→ **How to complete this task**:
In the data below, find the line containing "岐阜県は３日、新型コロナウイ"; transcribe it and each line after it exactly, through the last, skipping pictures.

→ **The data**:

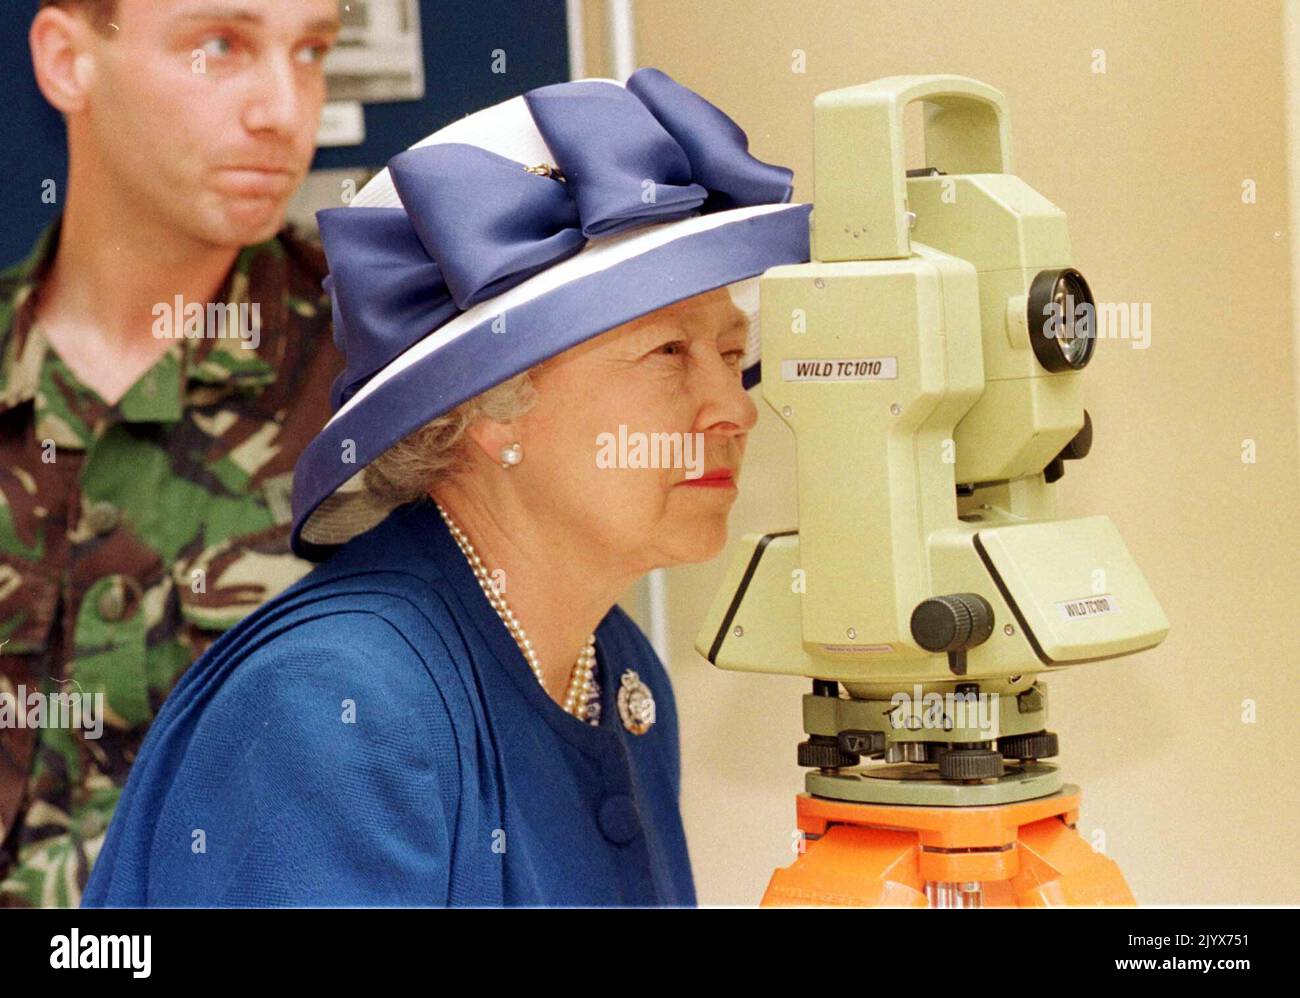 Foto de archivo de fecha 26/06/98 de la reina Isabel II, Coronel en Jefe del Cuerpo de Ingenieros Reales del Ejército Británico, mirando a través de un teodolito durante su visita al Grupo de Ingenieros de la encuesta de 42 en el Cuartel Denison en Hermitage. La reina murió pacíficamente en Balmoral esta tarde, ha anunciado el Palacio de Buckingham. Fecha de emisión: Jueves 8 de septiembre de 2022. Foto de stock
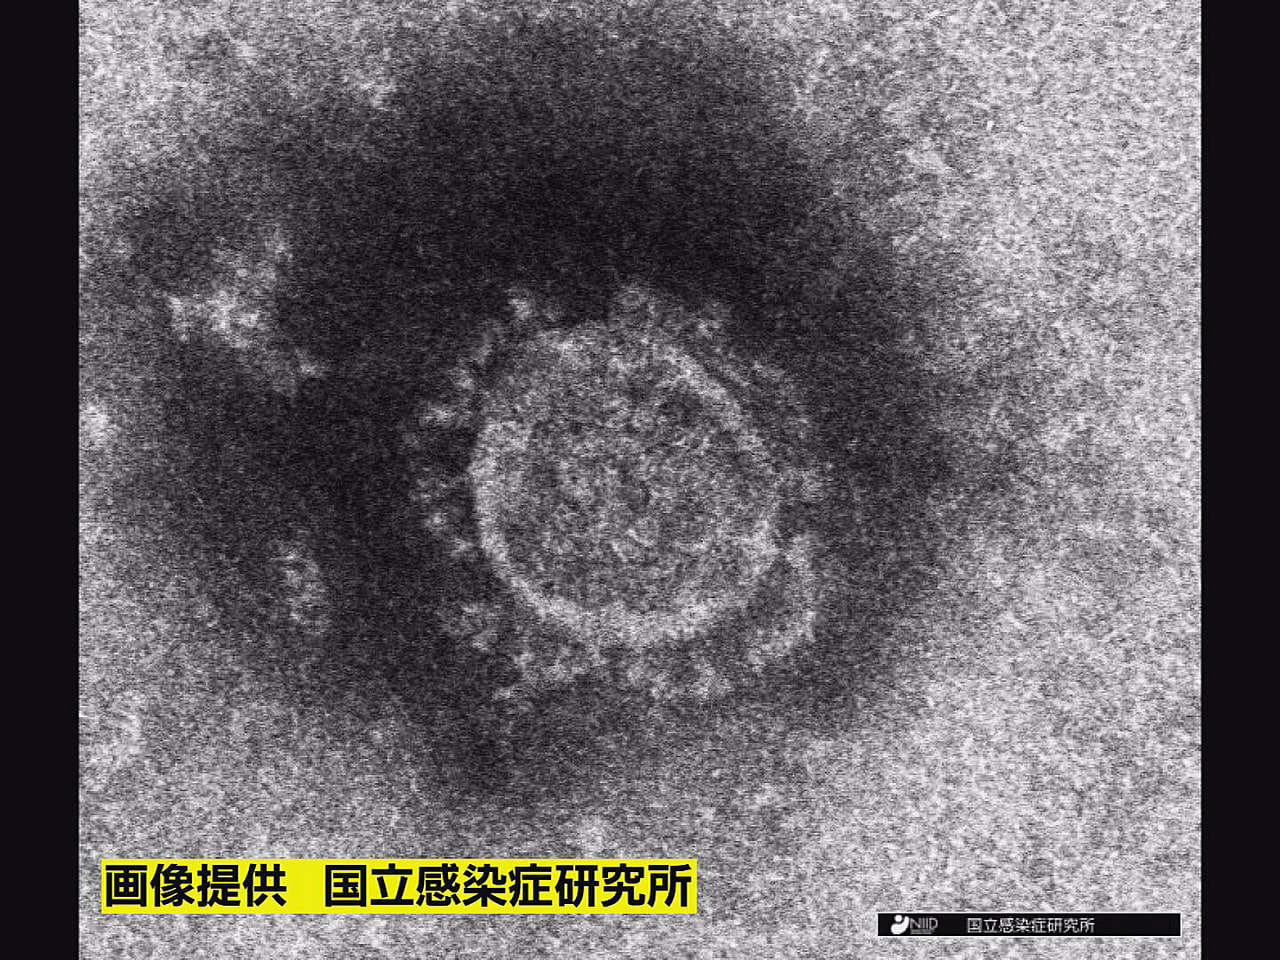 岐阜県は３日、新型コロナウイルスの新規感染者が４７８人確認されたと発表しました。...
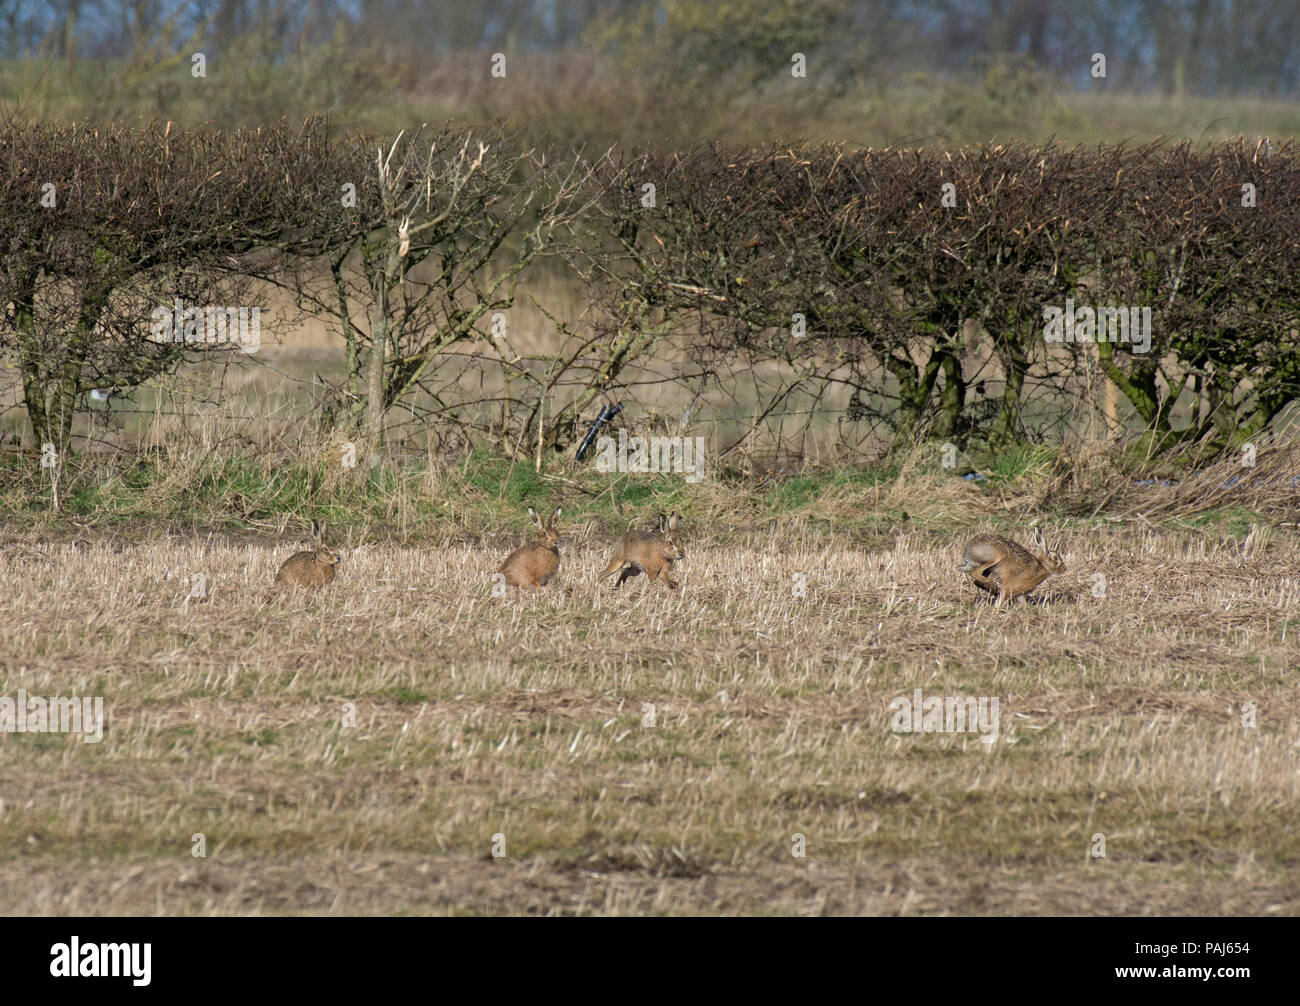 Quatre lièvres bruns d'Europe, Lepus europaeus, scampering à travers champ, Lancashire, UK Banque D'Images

→ **Answer section**:
 岐阜県は３日、新型コロナウイルスの新規感染者が４７８人確認されたと発表しました。...
 Quatre lièvres bruns d'Europe, Lepus europaeus, scampering à travers champ, Lancashire, UK Banque D'Images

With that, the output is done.